3 (Optional) - Define a Skillset for AI Enrichment
Azure AI Search Skillsets allow you to enrich your indexed data by applying AI capabilities. This includes key phrase extraction, entity recognition, image analysis, and language detection. The enrichment occurs before data is written to the index.
If you want to extend your indexing pipeline with these capabilities, you can create a Skillset after defining your Data Source.
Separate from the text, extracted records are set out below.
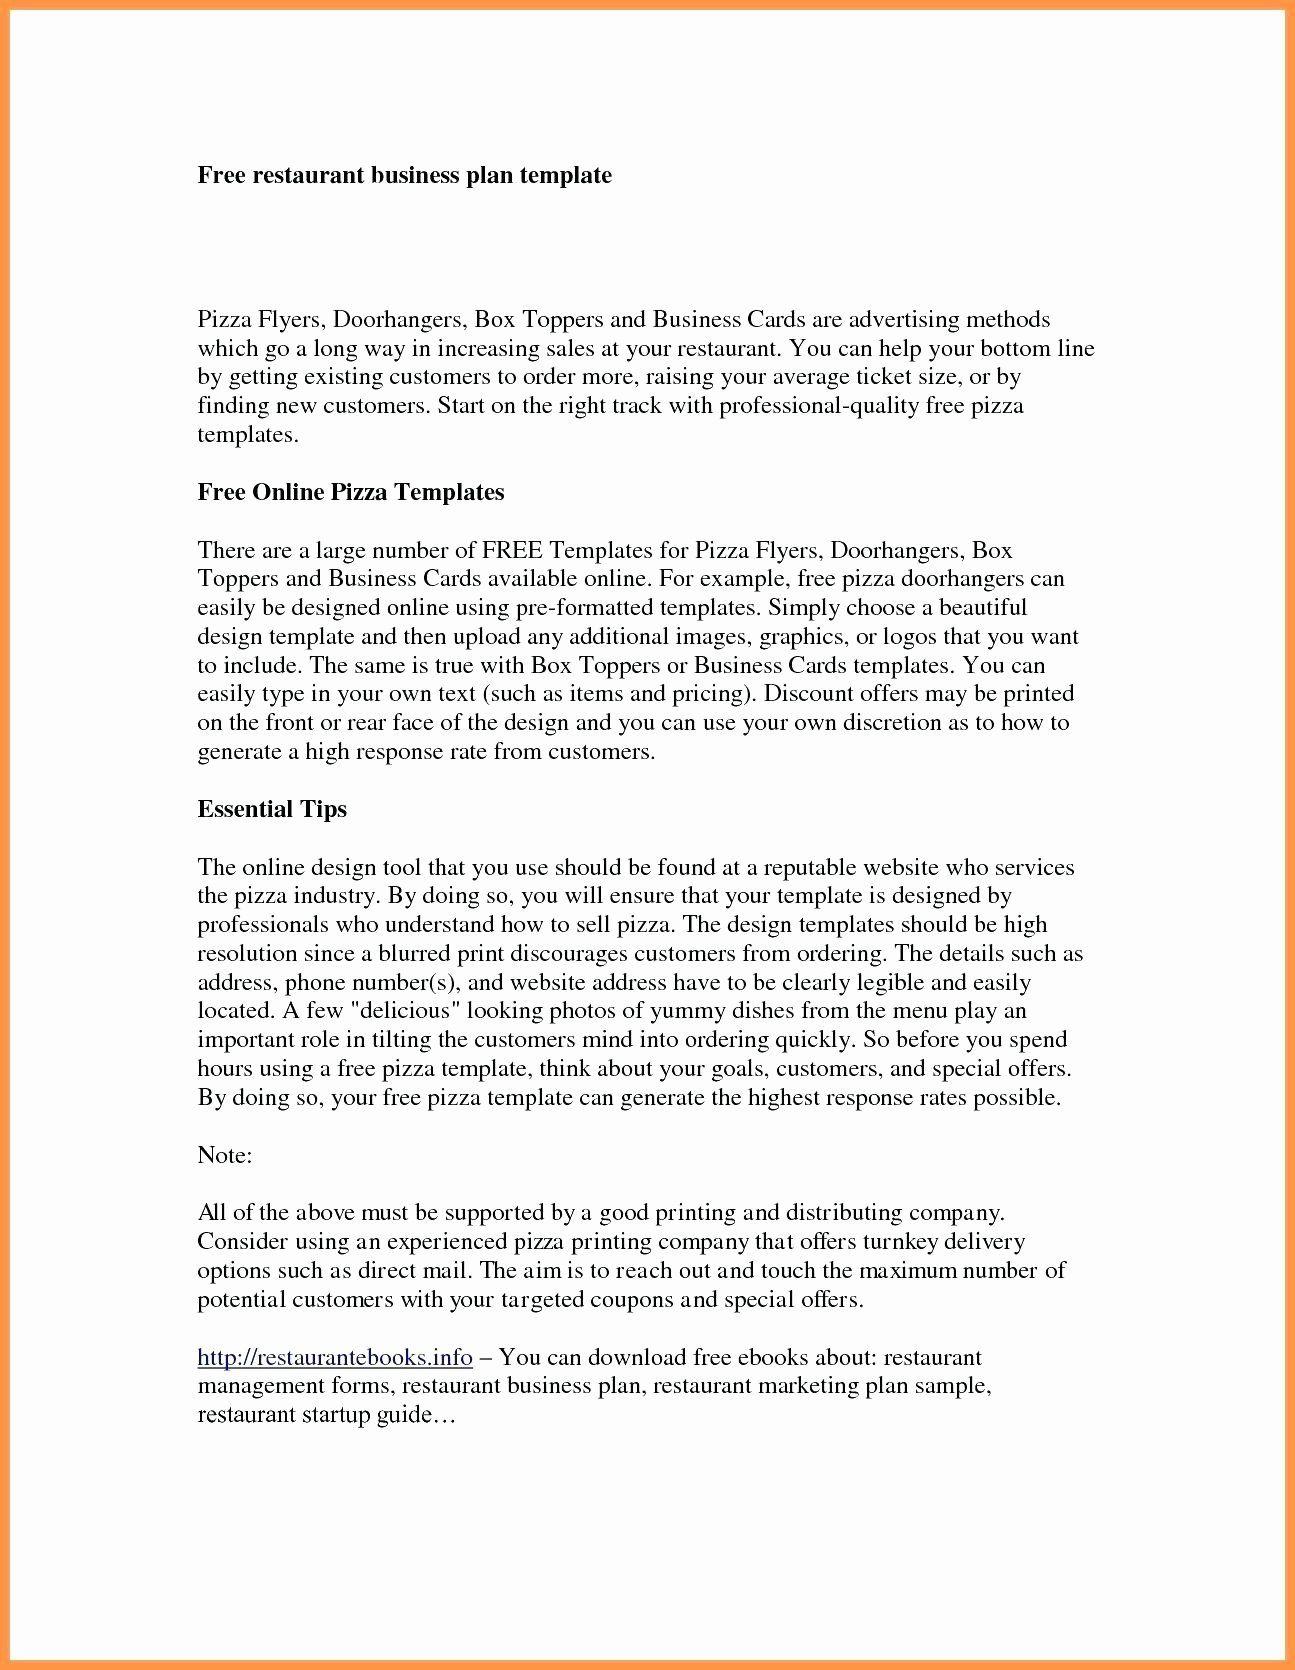 App Business Plan Template Lovely Start Up Business Plan Sample Startup Marketing Pl Business Proposal Template Restaurant Business Plan Business Plan Template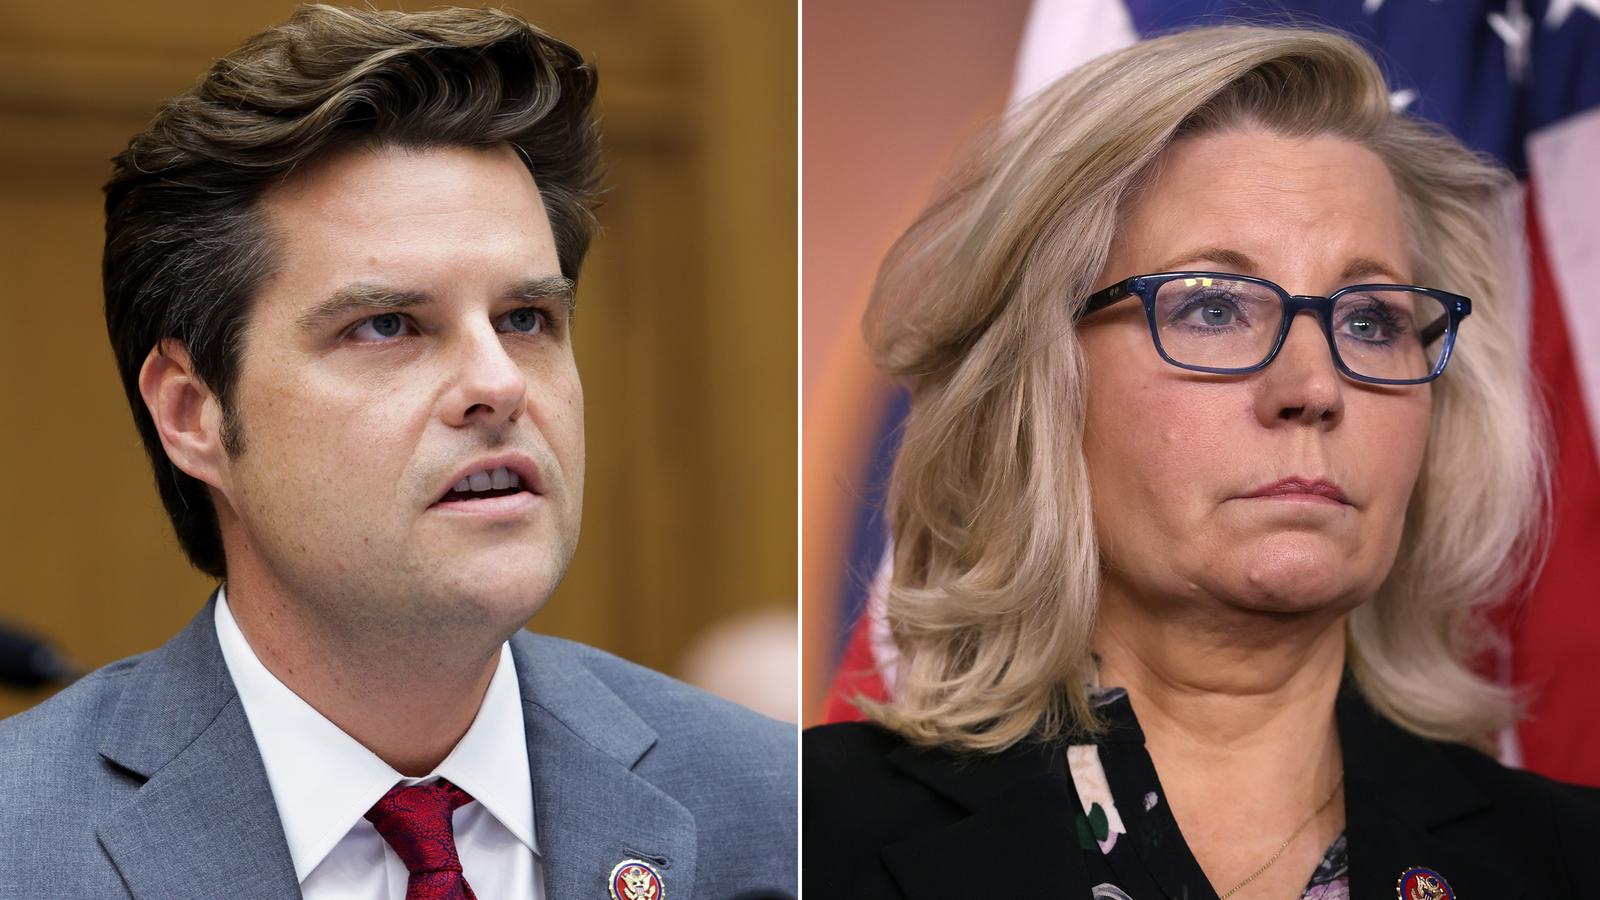 Matt Gaetz to rally Trump faithful to boost MAGA backlash in Liz Cheney's backyard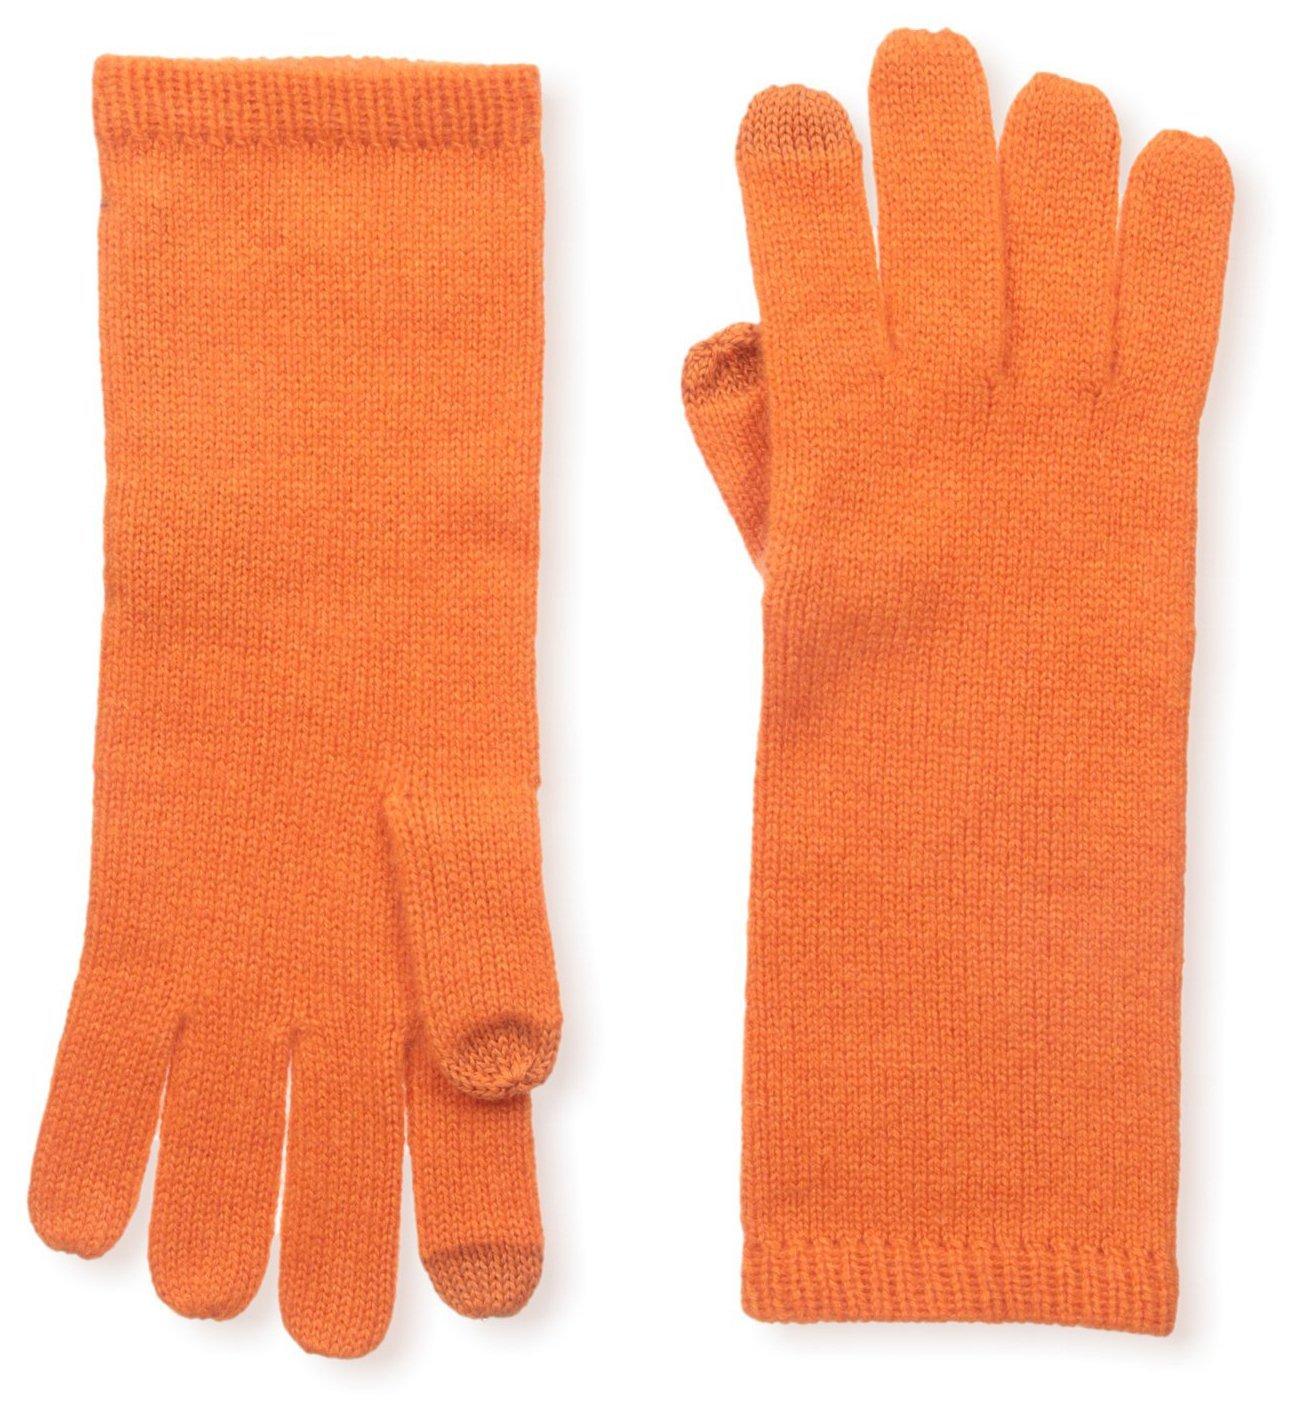 Sofia Cashmere Women's Smartphone Gloves, Orange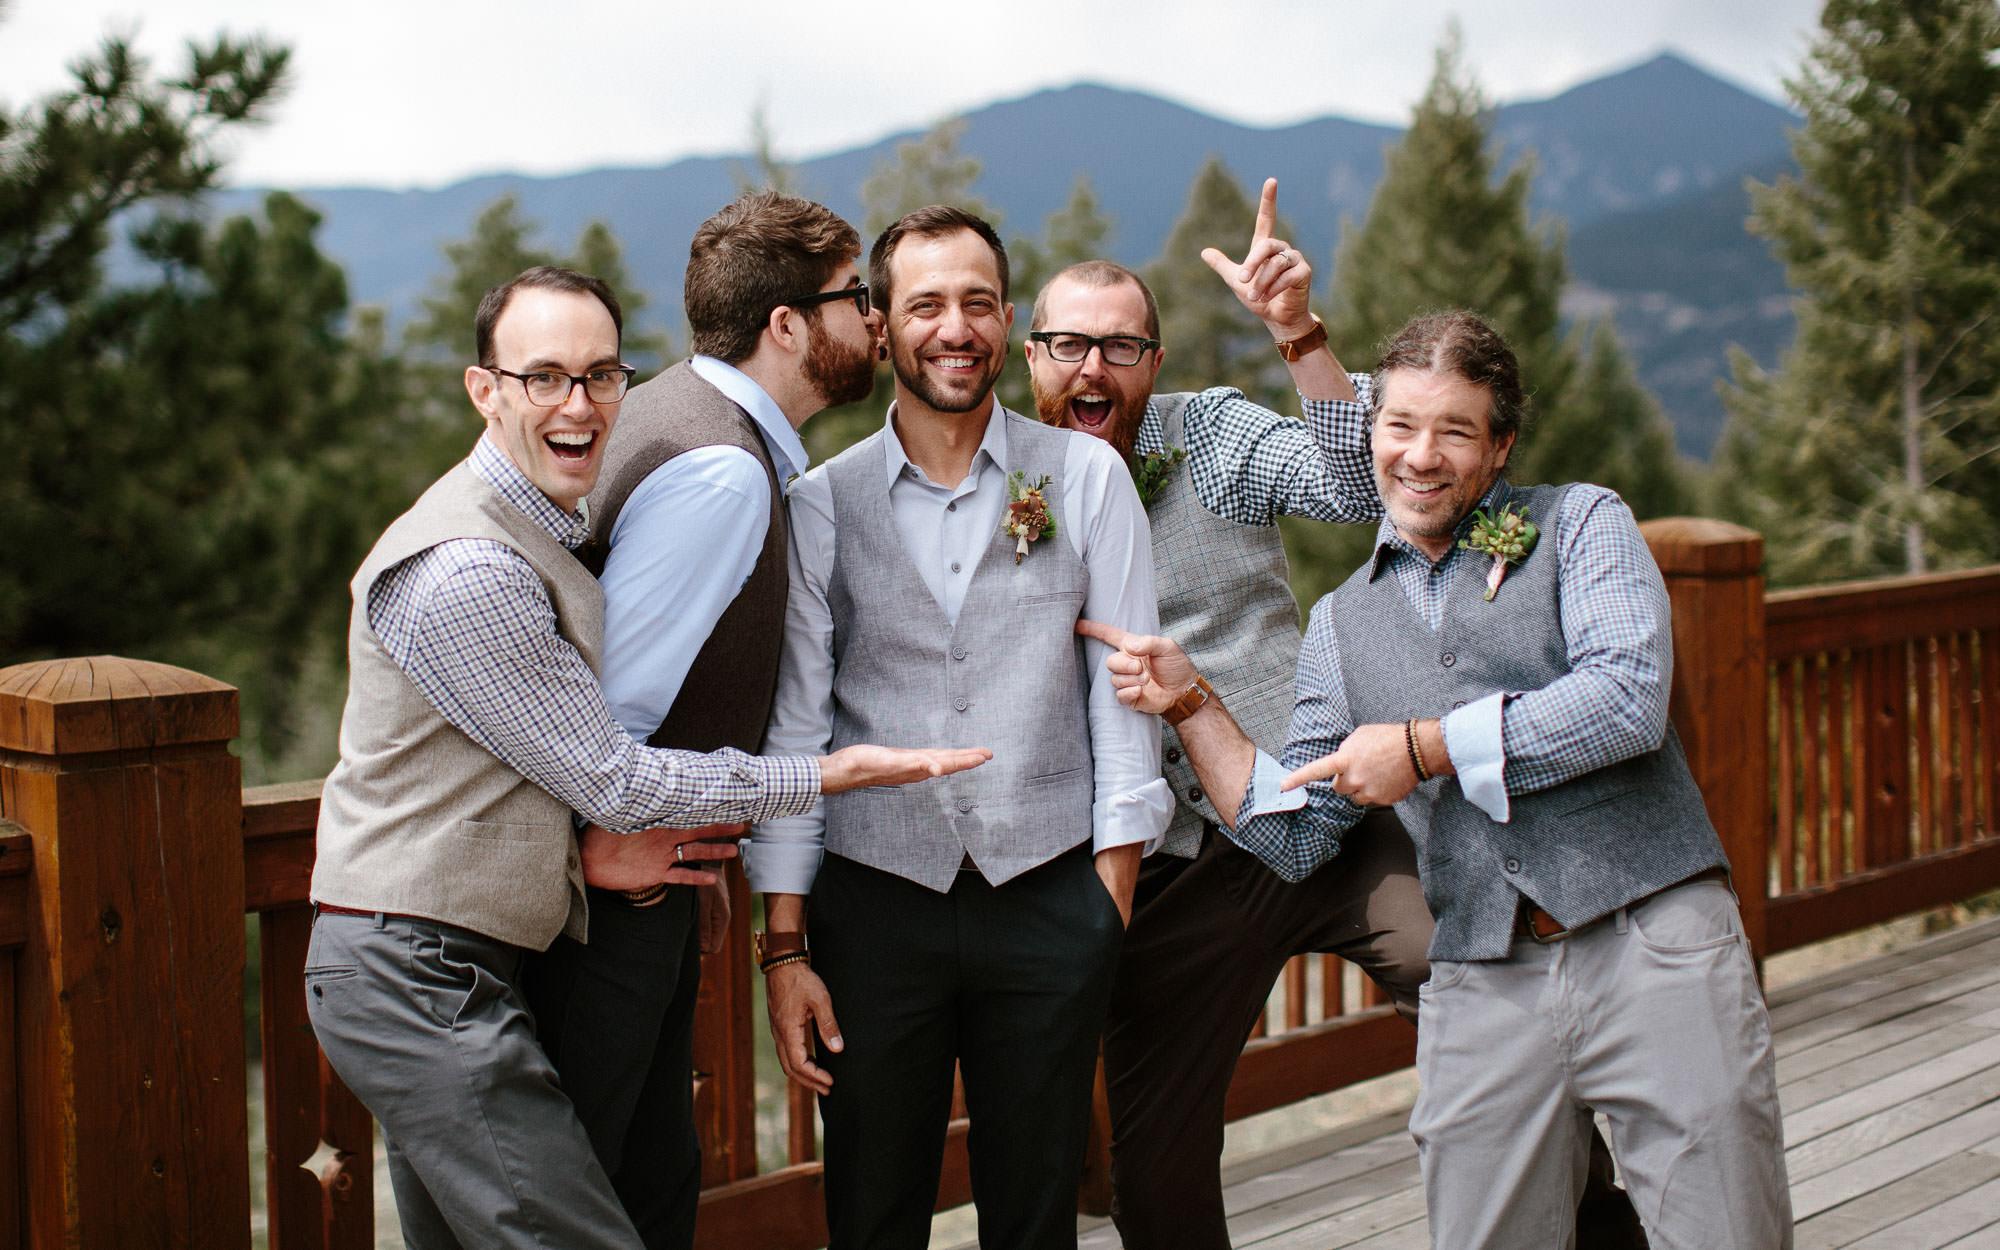 bucci-barn-wedding-elopement-evergreen-boulder-denver-colorado-adventerous-romantic-timeless-055.jpg

Skillsets rely on other Azure services (such as Azure Cognitive Services) and may require additional configuration, permissions, and Azure costs. This section provides a starting point with a sample JSON template to help you explore this functionality.
Note: While we’re providing this example as a helpful guide, we recommend consulting Microsoft’s documentation and your Azure team for detailed configuration of Skillsets to match your specific use case.
Here’s an example Skillset definition that uses built-in AI skills for text enrichment:
{
"name": "nds-skillset",
"description": "Extract key phrases and detect language for NDS data",
"skills": [
{
"@odata.type": "#Microsoft.Skills.Text.KeyPhraseExtractionSkill",
"name": "key-phrases",
"description": "Extract key phrases from content",
"context": "/document",
"inputs": [
{
"name": "text",
"source": "/document/content"
}
],
"outputs": [
{
"name": "keyPhrases",
"targetName": "keyPhrases"
}
]
},
{
"@odata.type": "#Microsoft.Skills.Text.LanguageDetectionSkill",
"name": "language-detection",
"description": "Detect language of the content",
"context": "/document",
"inputs": [
{
"name": "text",
"source": "/document/content"
}
],
"outputs": [
{
"name": "languageName",
"targetName": "language"
}
]
}
]
}
To use a Skillset:
Define it in Azure AI Search (via the portal or JSON API).
Reference the Skillset name in your Indexer configuration.
Review Microsoft’s documentation for additional skill types and guidance on integrating with Cognitive Services:
4 - Create the Index
Navigate to Indexes, and click Add index > Add index.
Define your index schema by specifying fields. We recommend starting with the following fields:
Field name | Type | Retrievable | Filterable Facetable | Searchable | Description |
---|---|---|---|---|---|
id 🔑 | String | Yes | No | No | Unique identifier for each document. |
content | String | Yes | No | Yes | The text extracted from file content. |
metadata_storage_name | String | Yes | No | Yes | Name of the file with its file type extension. |
metadata_storage_path | String | Yes | No | Yes | The complete path to the indexed file in URL format, beginning with your NDS endpoint. |
Additional fields can be added based on your indexing needs. Refer to the Azure documentation for additional details about content metadata properties. If you connect to your NDS endpoint using a tool like Azure Storage Explorer, you can view the metadata of a file to see the metadata presented by NDS that is available for indexing.
Click Create.
5 - Create the Indexer
Navigate to Indexers, and click Add indexer > Add indexer.
Name the indexer, and select the Datasource and Index you previously created. Click Save.
The indexer automatically begins an initial run.
6 - Validate the Index
Allow the initial Indexer run to complete.
Navigate to Indexes and select your index. Search for a known phrase or file name to confirm documents were ingested successfully (for example, a phrase from a document that has been indexed).